Dissecting efficiency of a 5' rapid amplification of cDNA ends (5'-RACE) approach for profiling T-cell receptor beta repertoire.

Department of Biotechnology and Bioindustry Sciences, National Cheng Kung University, Tainan, Taiwan. Molecular Diagnostic Laboratory, Department of Pathology, National Cheng Kung University Hospital, Tainan, Taiwan.

PloS one. 2020;(7):e0236366

Abstract

Deep sequencing of T-cell receptor (TCR) genes is powerful at profiling immune repertoire. To prepare a TCR sequencing library, multiplex polymerase chain reaction (mPCR) is widely applied and is highly efficient. That is, most mPCR products contain the region critical for antigen recognition, which also indicates regular V(D)J recombination. Multiplex PCR, however, may suffer from primer bias. A promising alternative is 5'-RACE, which avoids primer bias by applying only one primer pair.

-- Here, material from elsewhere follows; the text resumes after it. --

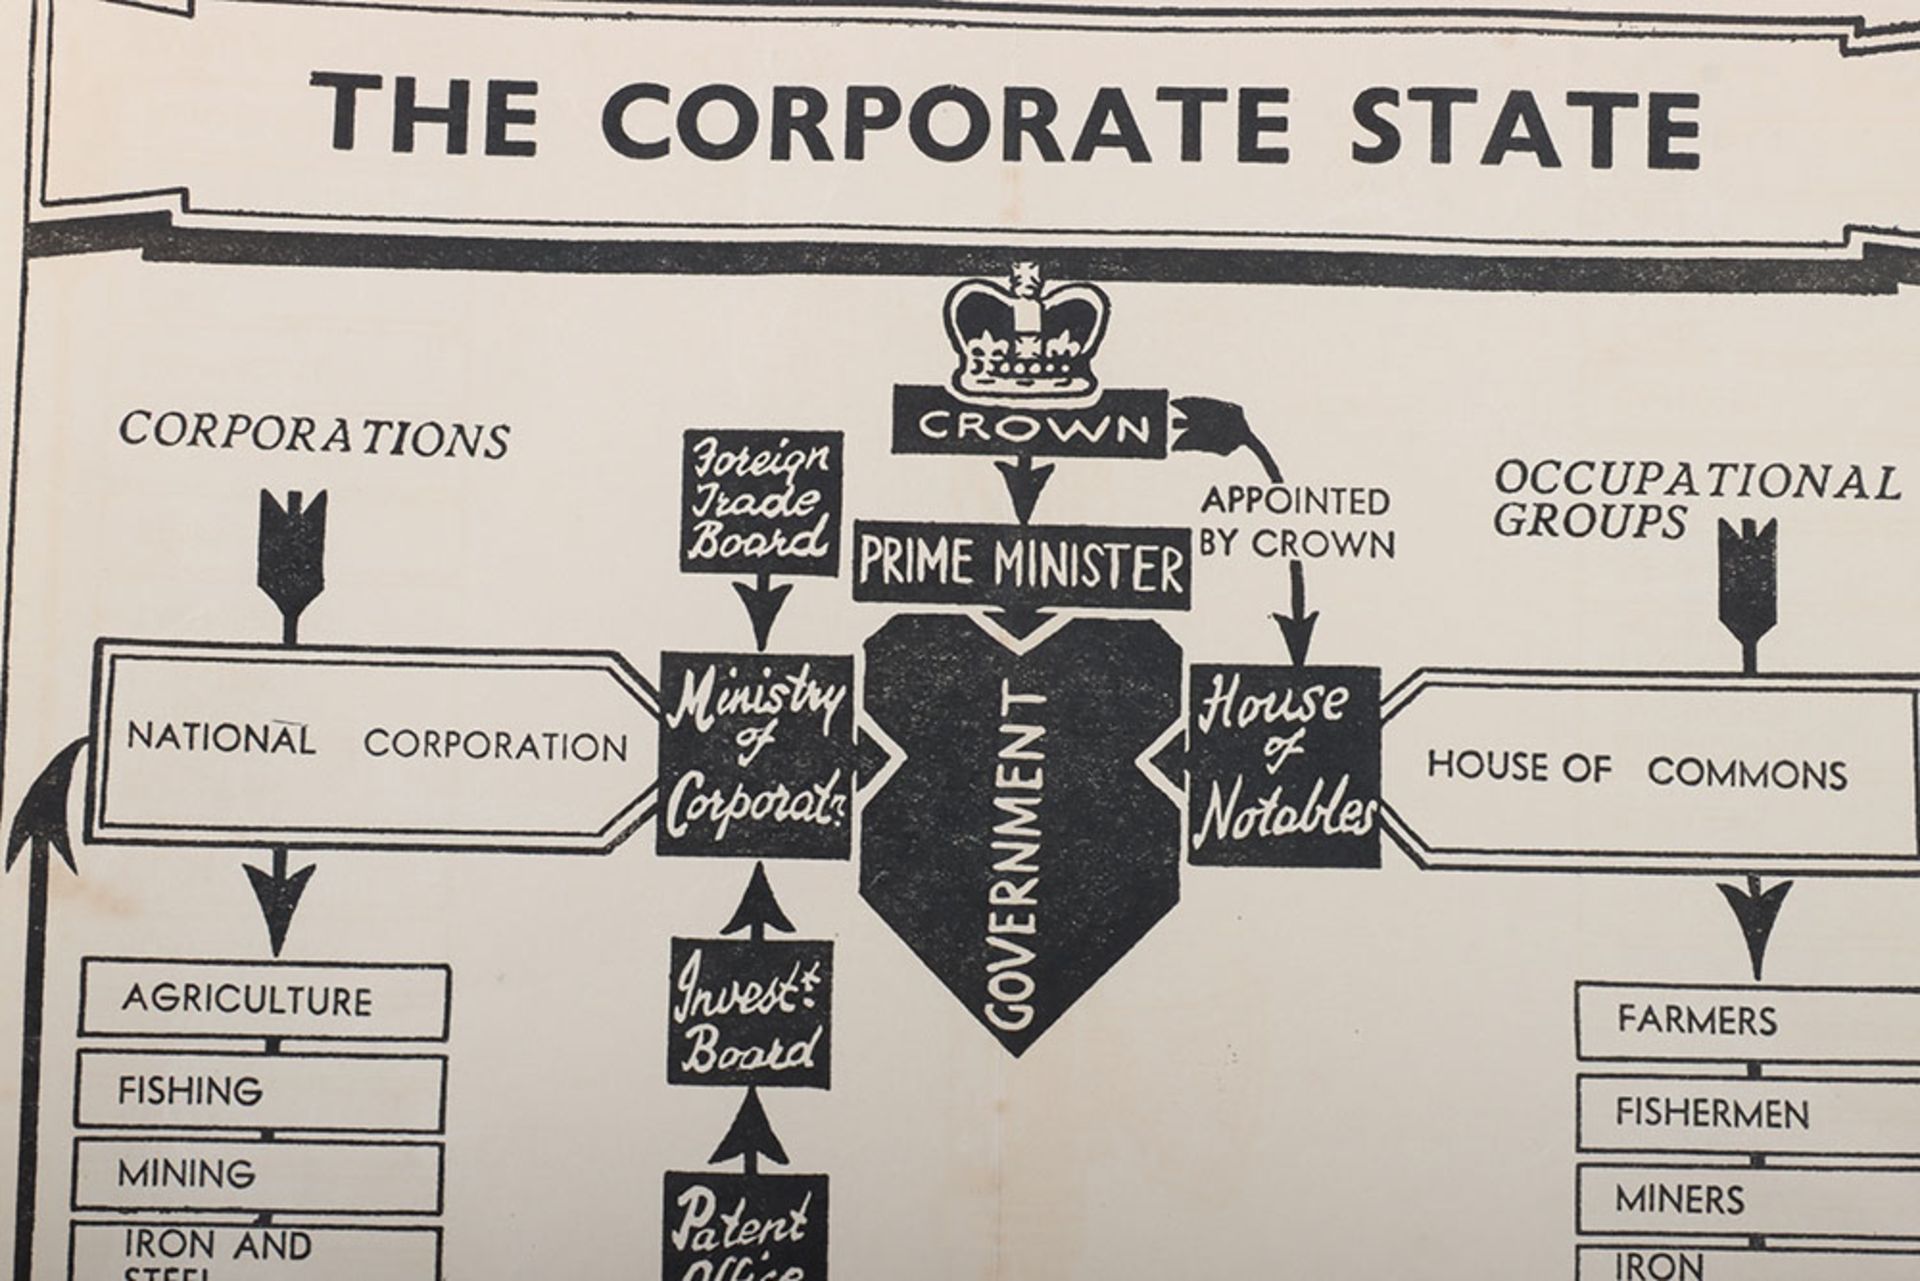 British Union of Fascists Poster "Corporate State" - Image 2 of 4

In 5'-RACE data, however, non-regular V(D)J recombination (e.g., TCR sequences without a V gene segment) has been observed and the frequency varies (30-80%) between studies. This suggests that the cause of or how to reduce non-regular TCR sequences is not yet well known by the science community. Although it is possible to speculate the cause by comparing the 5'-RACE protocols, careful experimental confirmation is needed and such a systematic study is still not available. Here, we examined the 5'-RACE protocol of a commercial kit and demonstrated how a modification increased the fraction of regular TCR-β sequences to >85%. We also found a strong linear correlation between the fraction of short DNA fragments and the percentage of non-regular TCR-β sequences, indicating that the presence of short DNA fragments in the library was the main cause of non-regular TCR-β sequences. Therefore, thorough removal of short DNA fragments from a 5'-RACE library is the key to high data efficiency. We highly recommend conducting a fragment length analysis before sequencing, and the fraction of short DNA fragments can be used to estimate the percentage of non-regular TCR sequences. As deep sequencing of TCR genes is still relatively expensive, good quality control should be valuable.